Да, я бы с удовольствием забрал его с собой, поселил бы его у нас в качестве и. о. предка, если бы не эта чепуха с бомбами и не это чертово свидание. Ведь, сидя напротив меня на своем игрушечном задике, он приглашал меня ни более ни менее как на убийство.
– Вы засвидетельствуете все, молодой человек. Вы один достойны этого.

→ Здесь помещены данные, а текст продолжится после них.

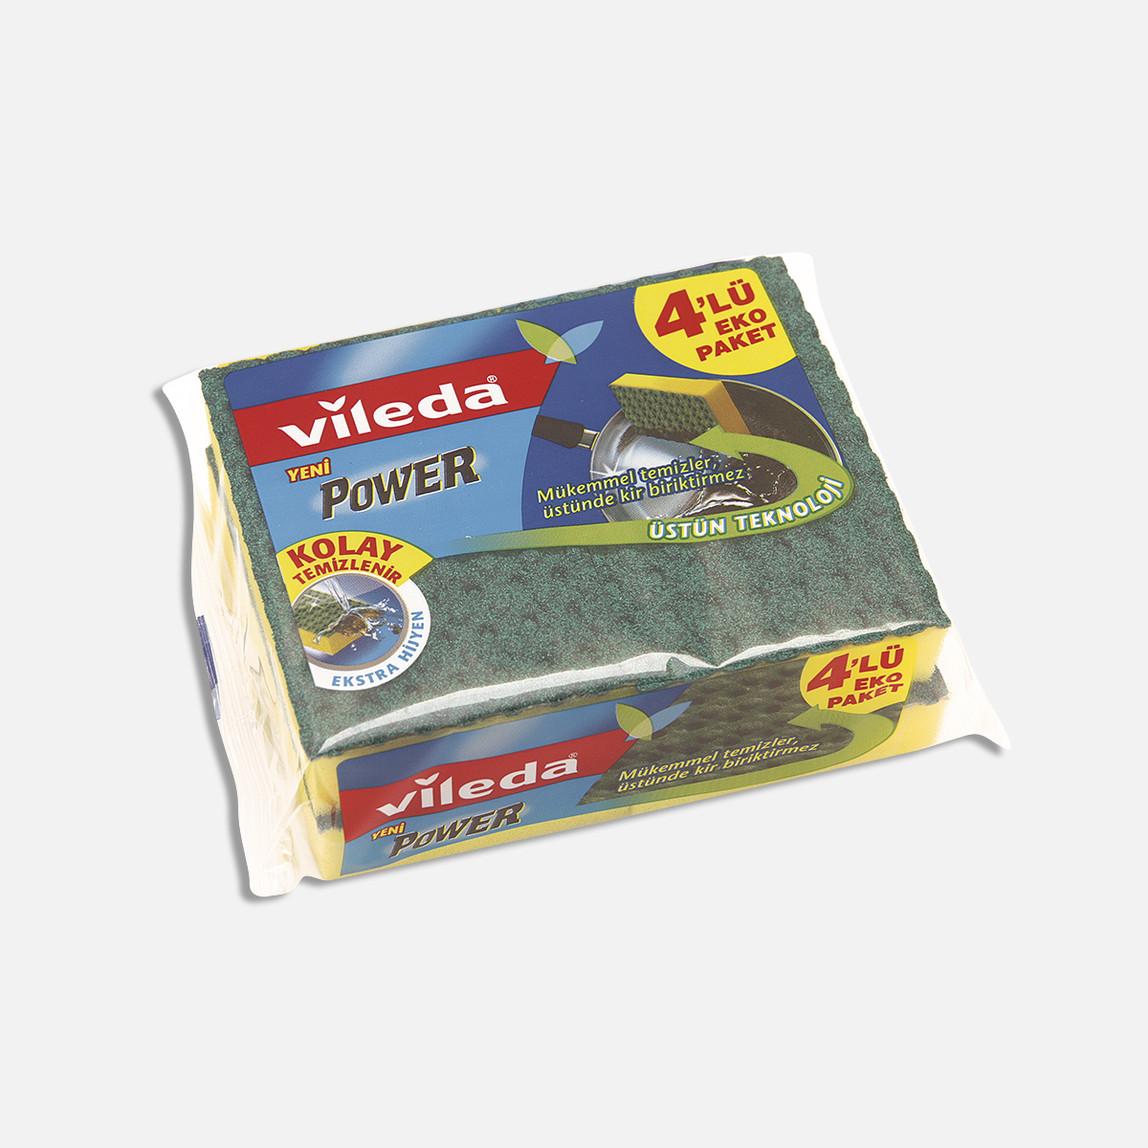 Vileda Power Düz Bulaşıklık Süngeri 4'lü Paket

Вот он, пришел. В сером халате, как все прочие старики Тео. Лицо его приняло выражение крайней дряхлости; теперь передо мной выживший из ума старик, каким он был в самом начале, тот, что баловался с игрушечным танком. Невозможно понять, видит он меня или нет. Он сейчас у противоположного конца прилавка, возится с Кинг-Конгом – управляемой на расстоянии гориллой, которая держит на руках потерявшую сознание женщину, той самой гориллой, которая окончательно довела меня после сцены с водолазом. Я поднимаю перископы и принимаюсь высматривать следы полицейских. Как бы не так! Редкие покупатели, которые шныряют туда-сюда, не подозревая, какая драма тут разыгрывается, и все. А жертва? Жертвы тоже нет. Во всяком случае, ни одного знакомого лица. Аннелиз, где же ты? Наполеон ё……, не вздумай сыграть со мной ту же шутку, что сыграл с тобой Груши! Давай притаскивайся! Я помираю со страха. Я не хочу присутствовать при убийстве. Не хочу, чтобы убивали убийц, никогда не хотел, всегда был против! Аннелиз, сукин сын, сволочь, придешь ты или нет? Делай свою работу, за что тебе деньги платят? Замети Зорро и его жертву! Дай орден одному и упеки другого к такой-то матери, но не впутывай меня в эту историю! Я порядочный человек, брат семейства, не хочу быть ни карающей рукой правосудия, ни его гласом! АННЕЛИЗ, ГДЕ ТЫ?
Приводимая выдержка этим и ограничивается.